Summary: Justification by faith in Christ carries greater blessings that one could ever imagine.
Receiving a compliment from someone you know is a pleasant experience. It is a pleasant one not just because of the compliment per se, but the greater effects it brings to the receiver.
In the same manner, to be judicially declared righteous in the sight of God by virtue of union with Christ carries with it greater blessings one could ever imagine.
The Apostle Paul after explaining God's way of declaring believing sinner righteous in His sight (Rom 3:21-31), and illustrating it in the lives of Abraham (Rom 4:1-25), goes on to indicate the blessings involved of having been declared righteous before God.
I. Peace with God (v. 1)
The passage begins with an adverb "therefore". This is only suggests that Paul's discussion here is the outcome of his previous discussion. In other words, Paul sets the stage to enumerate the greater blessings accompanied in being declared righteous in God's sight, a doctrinal concept he has been explaining in the previous chapter of his epistle to the Romans.
The first from his list of blessing involved in justification by faith is peace-peace with God. The Apostle Paul was so unequivocal to declare that this kind of peace is with God, not "from" or "in" God. Therefore, this kind of peace is not psychological or internal state, rather a relational one.

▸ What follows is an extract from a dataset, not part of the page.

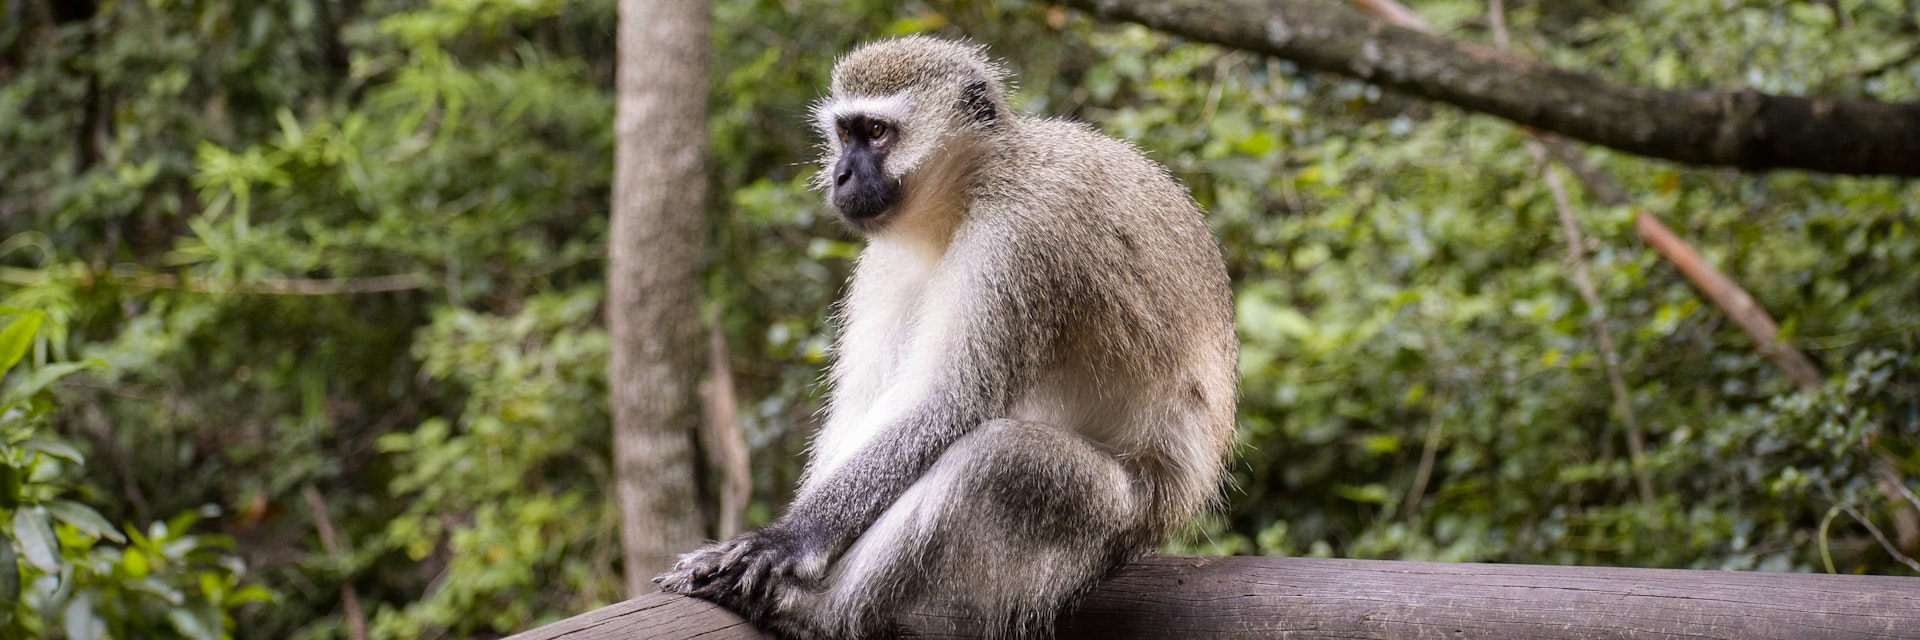 A gibbon sitting on a wooden fence in Monkeyland, Plettenberg Bay, South Africa.

The New Testament calls this concept of being at peace with God reconciliation (cf. Rom 5:10-11; 2 Cor. 5:18; Col 1:20-22). The word reconciliation is the English equivalent of the Greek word, katallage, which actually derived from the verb, katallaso, which means, “to exchange, reestablish, restore relationship, to make things right, to remove enmity.” When applied to believers’ relation to God, it simply means that the enmity between man and God which is caused by sin has been removed through the death of Jesus Christ. Therefore, we are no longer enemies of God but, through Christ, in favor of Him as stipulated in verse 2. To be in favor with God is to approach God freely without any fear of being rejected by Him.
II. Joy (vv. 2-3, 11)
The Apostle Paul mentions three elements of joy in this passage:
The first is the “hope of the glory of God”. That is, our confident expectation of the realization of God’s glory.
The second is “in our suffering”. If this statement seems surprising and strange for some of us, it would be proper to remind us that affliction and suffering are but natural experience of Christians (cf. Acts 14:22; Jas 1:2). Besides, Paul tells us that we are to rejoice in our suffering for it manufactures Christian virtues (vv. 4-5).
And the third one is “in God” Himself. The Apostle Paul is saying that we rejoice in God because in the first place it was Him who gave His Son so that through Him we receive reconciliation. For without the gift of His Son there would be no reconciliation.
Men and women alike pursue joy in every (wrong) avenue imaginable. Perhaps it would be easier to describe where joy cannot be found.
Not in Unbelief – Voltaire, a foremost unbeliever, wrote, “I wish I had never been born.”
Not in Money – Jay Gould, an American millionaire when he was about to die, said, “I suppose I am the most miserable man on earth.”
Not in Pleasure – Lord Byron, 18th century English poet who lived a life of pleasure, wrote poetically, “The worm, the canker, the grief are mine alone.”
Not in Position or Fame – Lord Beaconsfield enjoyed more than his share of both. Yet he wrote, “Youth is a mistake; manhood is a struggle; old age a regret.”
Not in Military Glory – Alexander the Great, after conquering the then-known world, wept in his tent and said, “There are no more worlds to conquer.”
Where then is the true joy found? The simple answer is in Christ alone!
The third item in Paul’s list is hope (v. 2).
Interpreters of the Bible are divided as to the exact meaning of this phrase. Some believe it refers to the literal unveiling of God’s glory at the end times which is frequently mentioned in the Old Testament. While others hold on the restoration of God-given glory in the believers (cf. Rom 8:18-25). But it would not presumptuous to say it may be both. For both are intimately connected. When God literally appears in glory we will also appear in glory –the glory which was lost because of sin but is restored through our union with Christ.
This hope is what fuels our faith at the present to face suffering and persevere up to the end. Such hope is not unfounded optimism like the story of a man who was sentence to death but obtained a delay of execution by assuring the king he would teach his majesty’s horse to fly within a year --- in the condition that if he failed he would be put to death at the end of the year. The man hoped that within a year a king may die, or he may die, or the horse may die. In a year, who knows? Maybe the horse will learn to fly!